International Art Ventures
ZU-UK is a company based in London that creates performance art and participatory theatre. I first heard of them when I signed up to Project Perfect Stranger, where participants from around the world were connected to an anonymous stranger for five days. For a short period each day, strangers would bond via WhatsApp messages (then voice notes, phone calls, and - finally - video calls) through a series of tasks. This came during a global lockdown, at the end of July 2020, so it was a welcome experiment and connected me with a woman in Florence, Italy: a stranger whose name I didn’t know, but who quickly found out about my hopes, fears, wishes and regrets - a friendship in reverse.
It was interesting, challenging and enjoyable, so when I heard about another ZU-UK project, Brega Parque International: A Remote Creative Lab, I was keen to sign up.
Brega Parque International
The lab was a collaboration between ZU-UK, Brazilian artists Lá da Favelinha, and Colombia art duo Nueve Voltios. The project ran over seven days in mid-November 2021, and was designed to “unlock creativity in the digital environment and transform how we make, meet and are seen.”
As with Project Perfect Stranger, participants received instructions with prompts over WhatsApp. This time, we were challenged with tasks for making, collaborating, and doing short creative assignments. We then uploaded these, knowing they might be sampled or used.

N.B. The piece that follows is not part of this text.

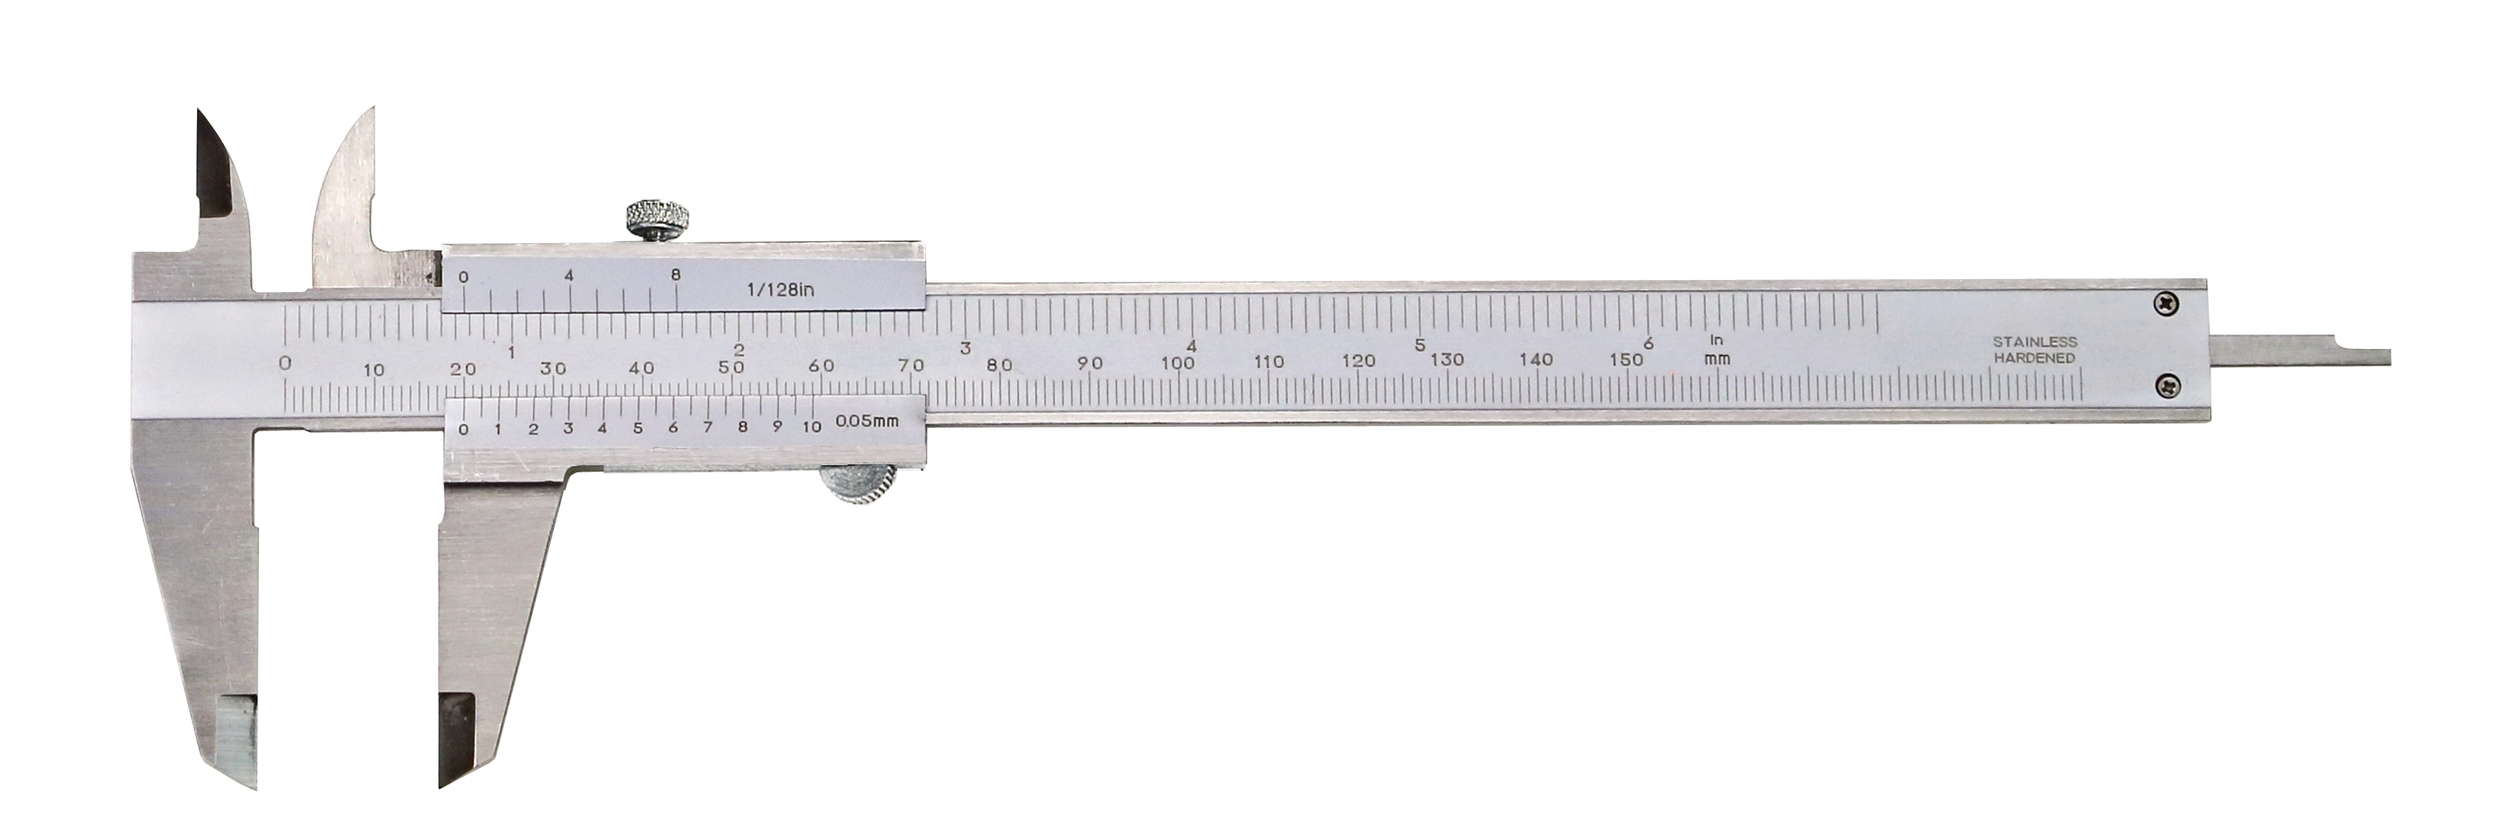 Taschen-Messschieber 150 x 0,05 mm DIN 862 INOX Feststellschraube mit Kalibrierschein

The project saw me videoing the contents of my fridge, laundry basket, and the space beneath my bed; drawing a self-portrait without looking at my face; going for a walk whilst taking pictures, then drawing a map when I got home; going for more walks and making sound recordings; and recording three conversations where I asked willing participants extremely existential questions (thanks Jon, Sarah and Charly!).
The culmination of the project was a live-mixed audio-visual event featuring work contributed by lab participants around the world. This event was designed to fall on the 2 year of the first reported case of Covid-19 in Wuhan, and aired on YouTube on 5th December.
Viva the Live!
Of course, for whatever reason, I wasn’t able to watch Viva the Live! as it went out. It was hosted by the artists in Colombia, Brazil and in London, and included pre-recorded performances, but also live segments where the participants’ contributions were used.
The duo Las Áñez from Colombia performed live against a backdrop of self-portraits, made in all sorts of interesting ways. Here’s my less-inspired attempt behind the musicians (click any of the images in the following galleries to enlarge them):
Later on, Arquea, VJs from Colombia, live-mixed photo and sound contributions from participants. Here, they seemed to get attached to a picture I took of an inset post box:
Later, another picture I’d taken of a fairly banal view down a street got mixed with a photo from another participant, which got mixed with someone else’s alien, and then my map started to fade in behind:
It’s a bizarre and inspired situation to have pictures I took and images I’d hastily drawn being mixed by artists thousands of miles away, and blended with performances and photographs from different places.